[M3devel] size vs. speed set_member / set_singleton serialized on NT386

Sat Jun 12 17:11:42 CEST 2010

We used to have (still in release branch):

m3-libs/m3core/src/Csupport/Common/parse.c:

void __cdecl set_singleton
    ANSI((      long a, ulong* s))
      KR((a, s) long a; ulong* s;)
{
  long a_word = a / SET_GRAIN;
  long a_bit  = a % SET_GRAIN;
  s[a_word] |= (1UL << a_bit);
}

long __cdecl set_member
    ANSI((          long elt, ulong* set))
      KR((elt, set) long elt; ulong* set;)
{
  register long word = elt / SET_GRAIN;
  register long bit  = elt % SET_GRAIN;
  return (set[word] & (1UL << bit)) != 0;
}

Both backends generate calls to these functions.

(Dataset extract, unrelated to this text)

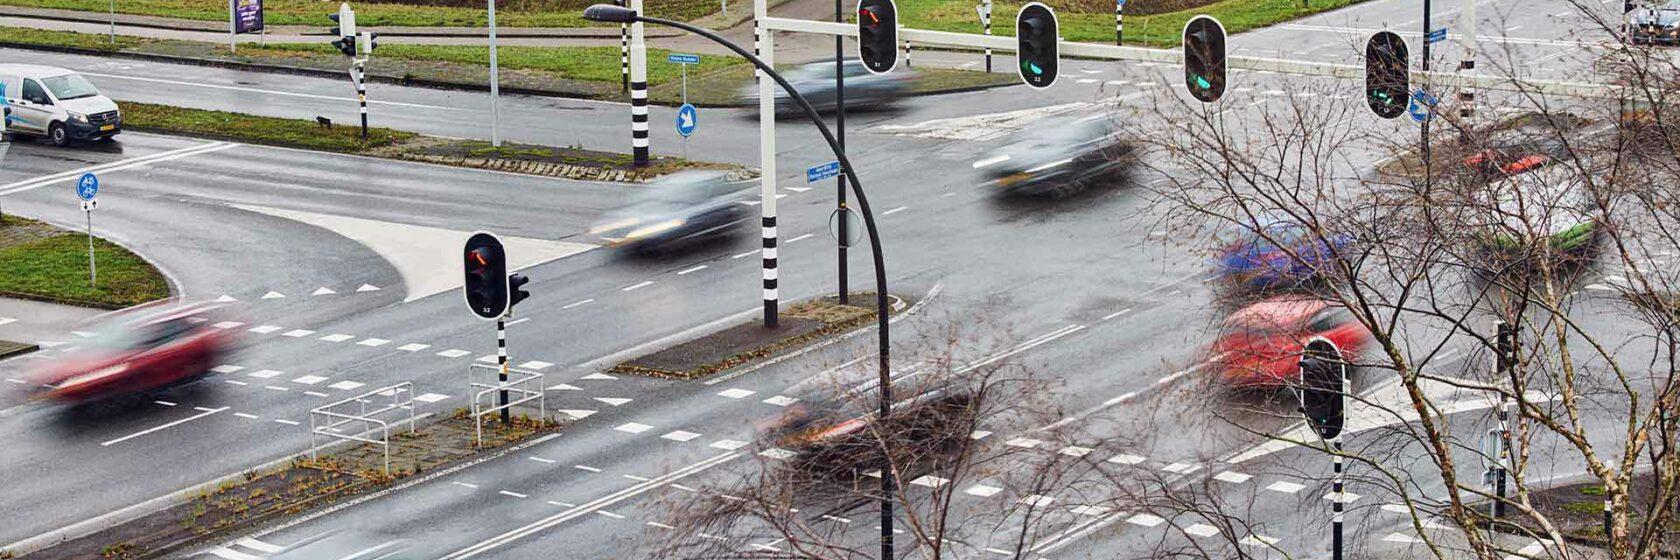 Verkeer op de Slimme Ringweg van Almelo waar gebruik wordt gemaakt van Smart Traffic

In the gcc backend we now inline the equivalent.
In the NT backend, I use the bt and bts instructions.
 The resulting code is very size optimized.
  bt and bts do the shift, the index, the and/or. All in one.

I don't think I knew it at the time, but bt/bts are interlocked/seralized/atomic -- slow.

Maybe the wrong choice here?
Should instead inline the equivalent mask/index/and/or like the gcc backend does?

 - Jay